# TASK INSTRUCTIONS
Write out the listing exactly, dropping any picture it contains.

# RAW DATA
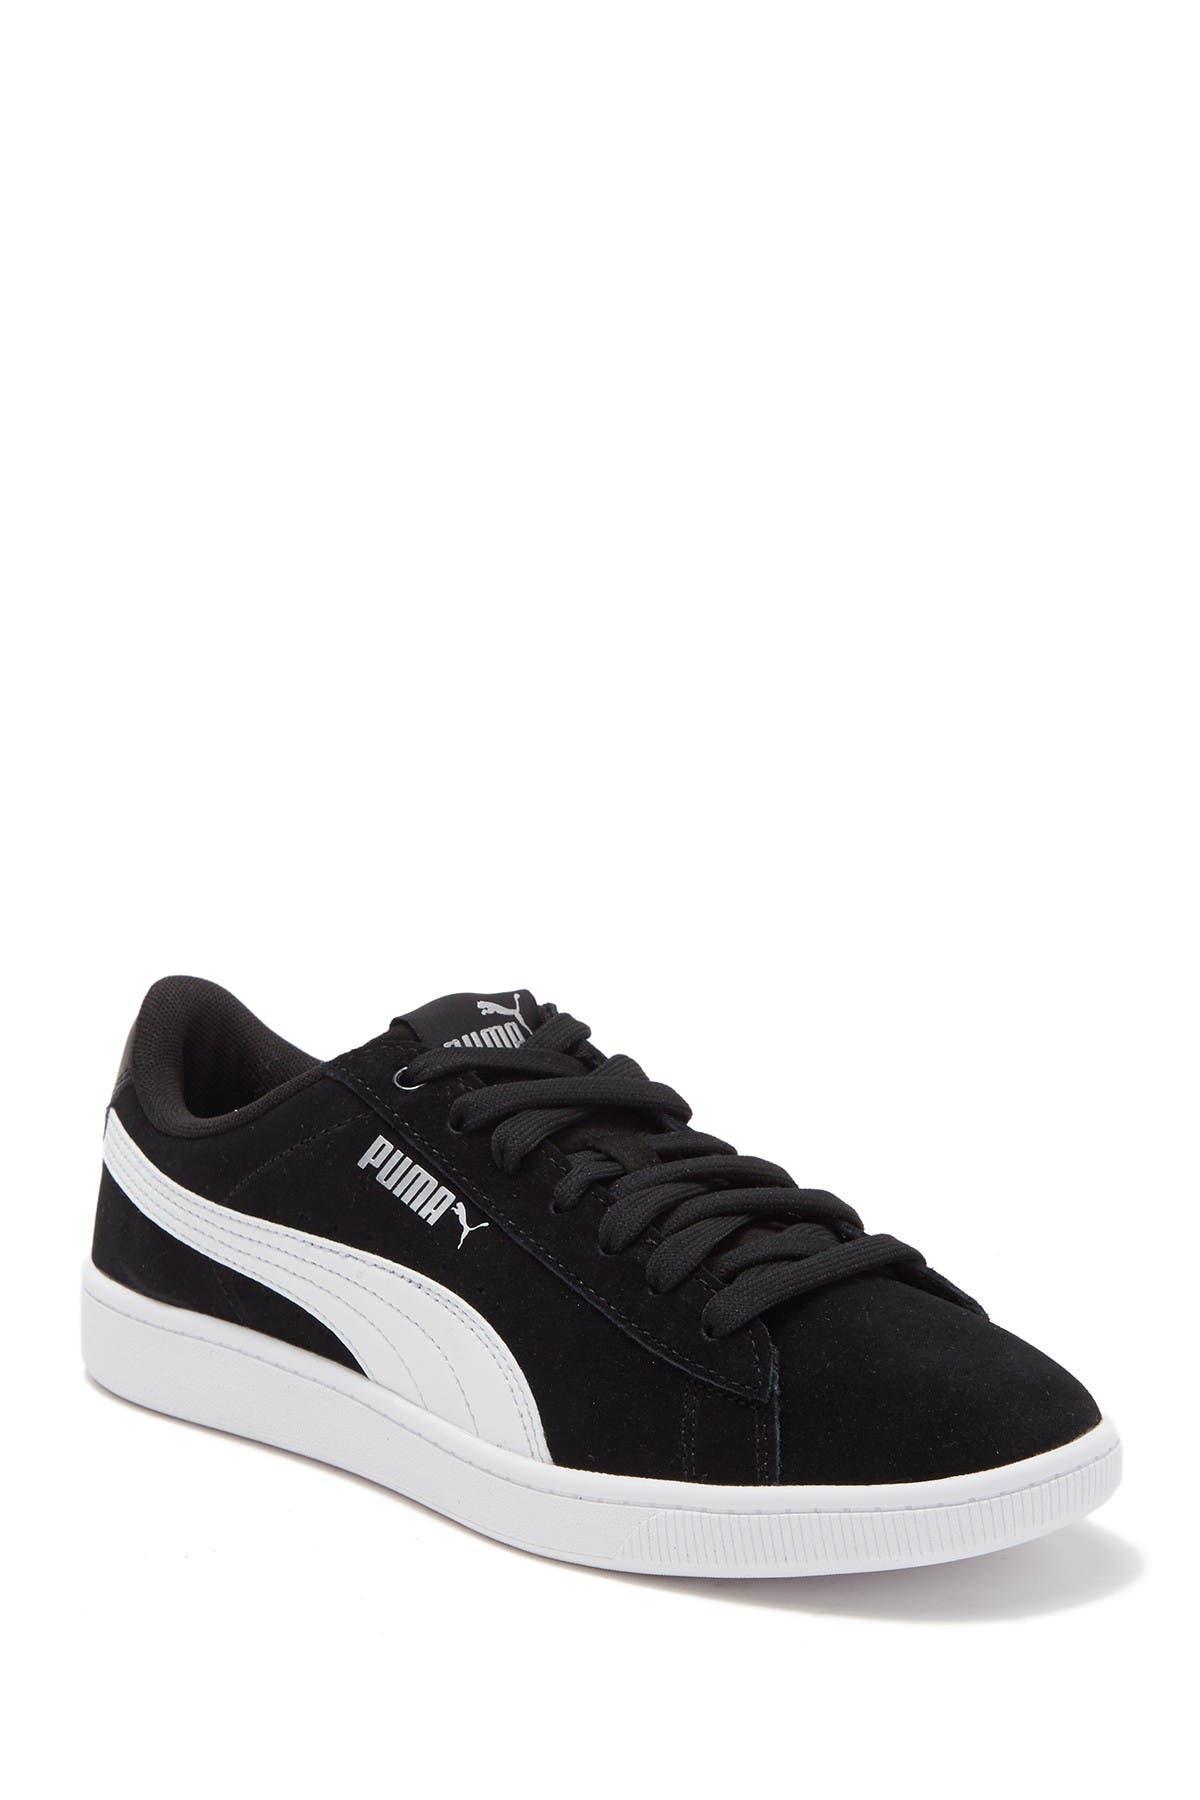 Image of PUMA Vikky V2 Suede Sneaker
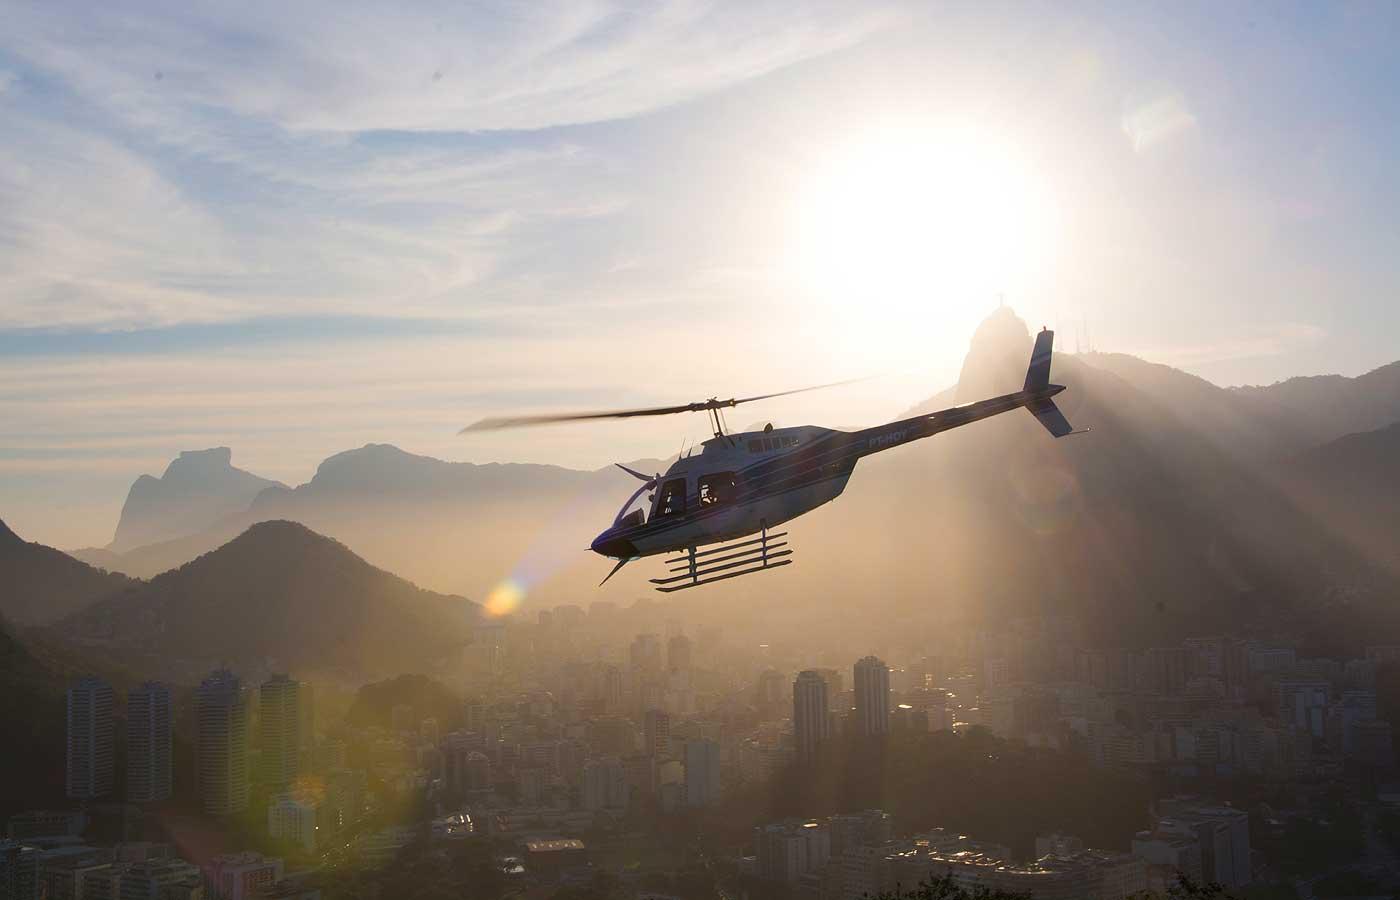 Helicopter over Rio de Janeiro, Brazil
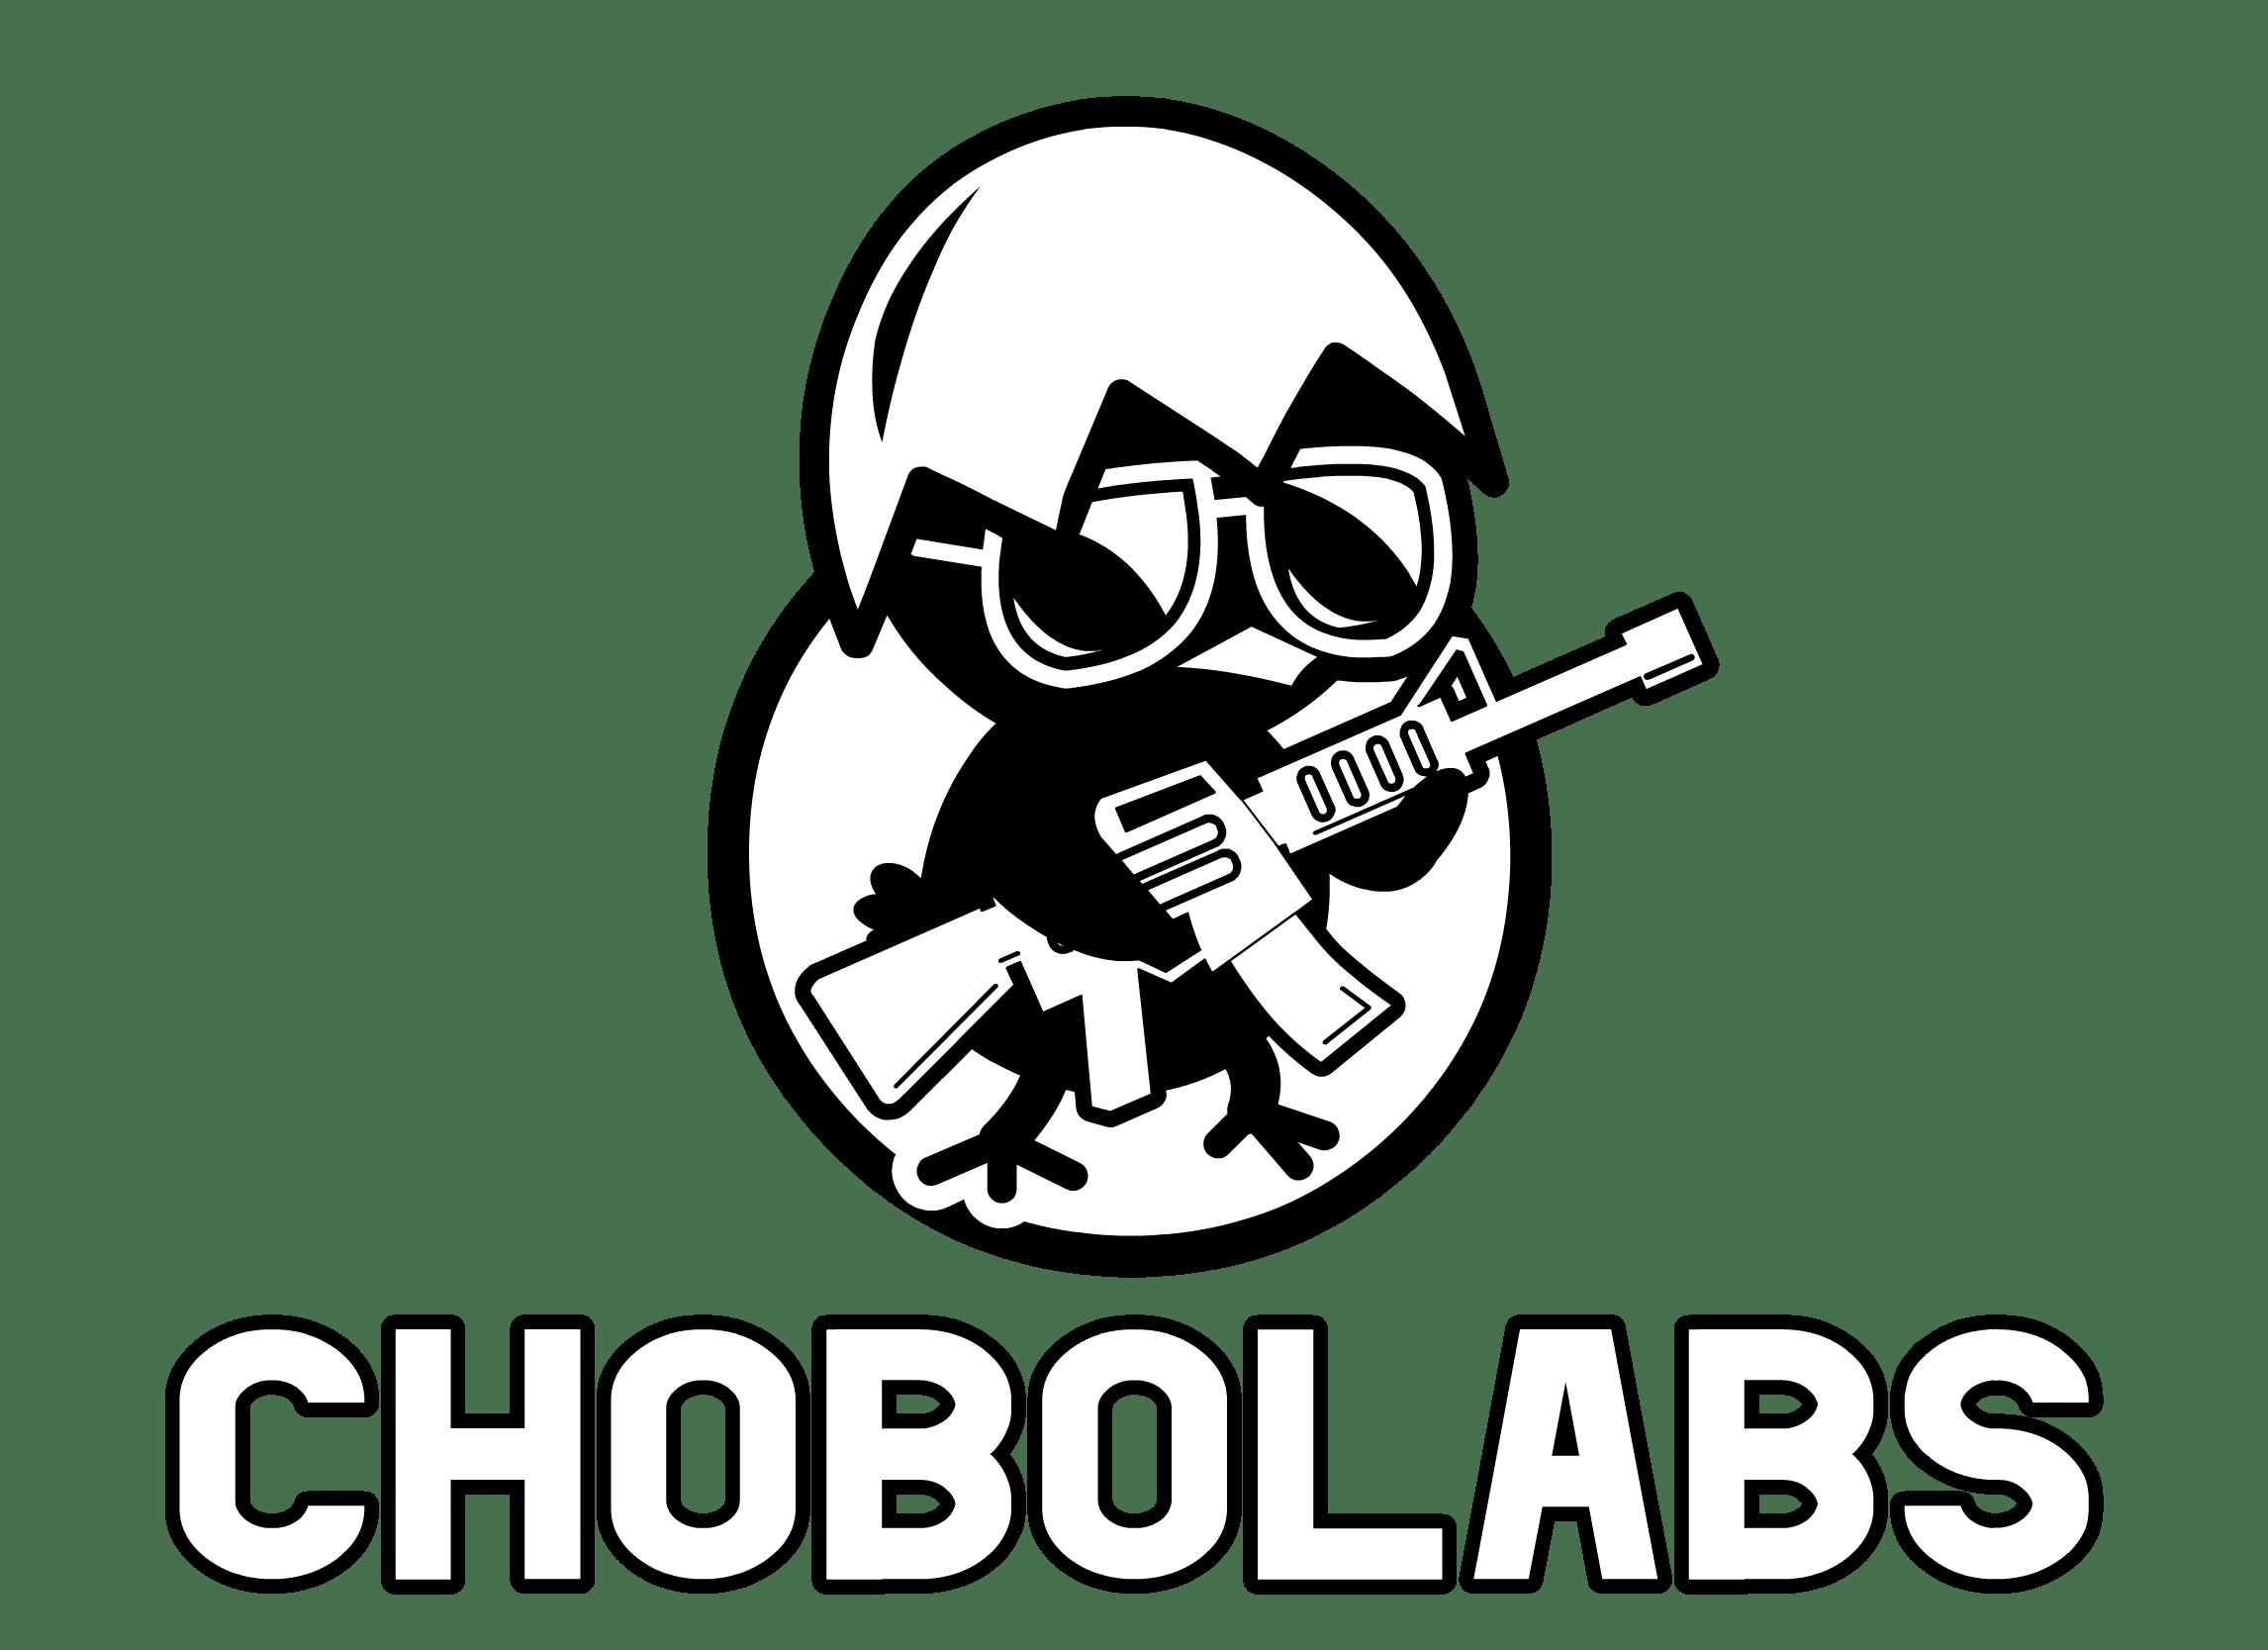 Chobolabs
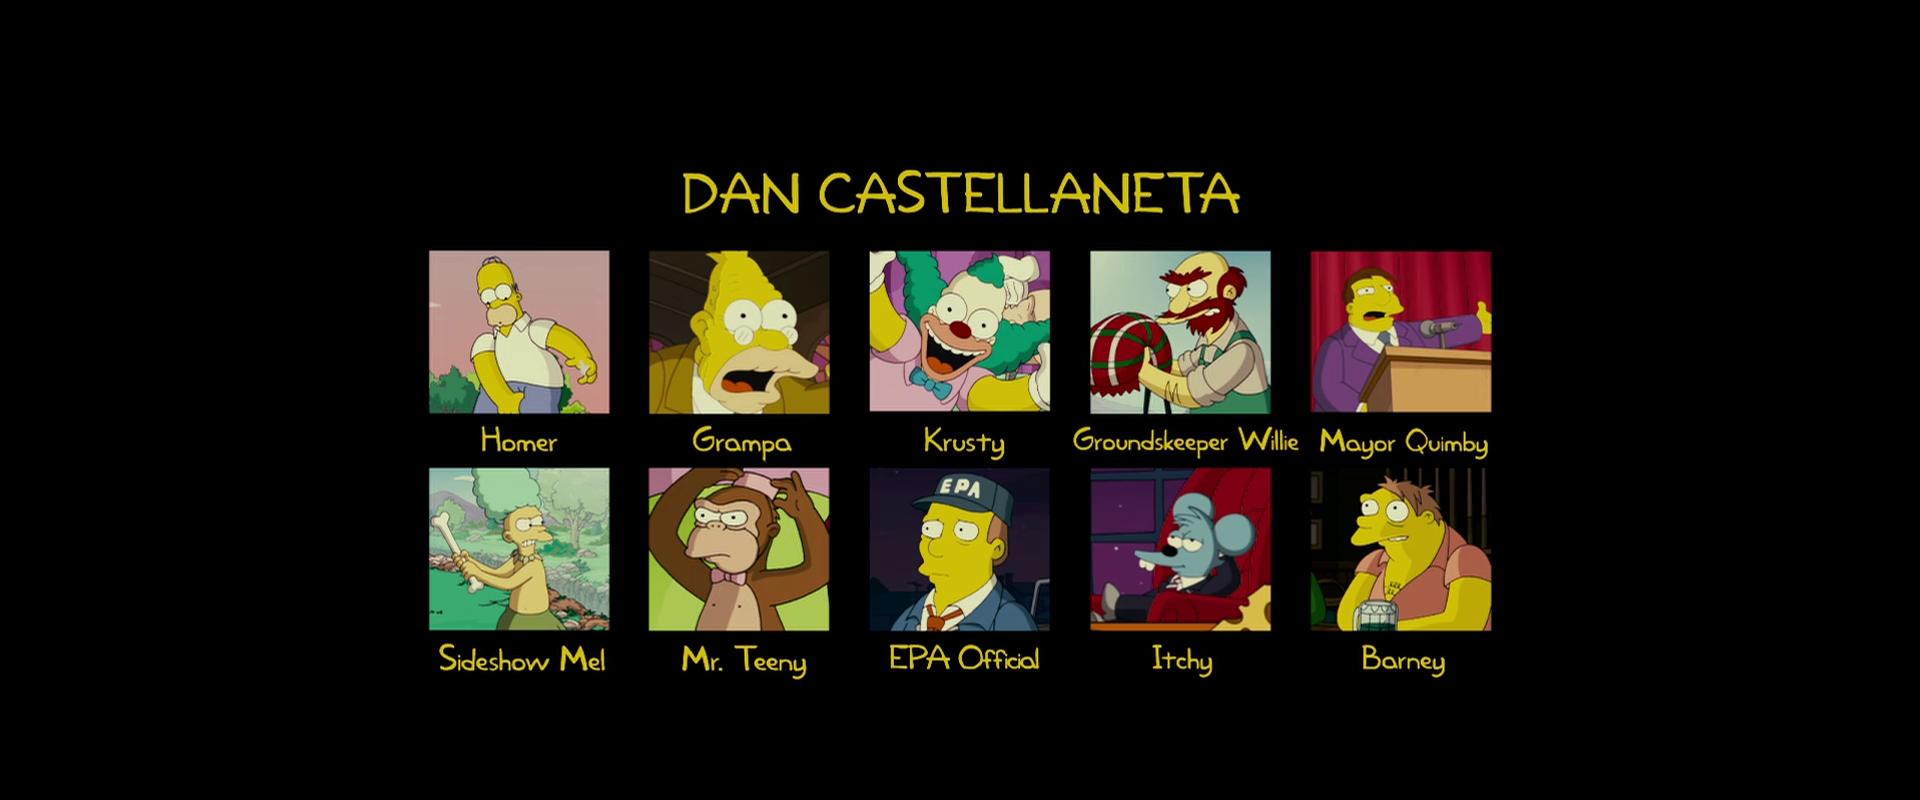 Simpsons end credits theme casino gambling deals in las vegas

# ANSWER TO THIS PROBLEM
 Image of PUMA Vikky V2 Suede Sneaker
 Helicopter over Rio de Janeiro, Brazil
 Chobolabs
 Simpsons end credits theme casino gambling deals in las vegas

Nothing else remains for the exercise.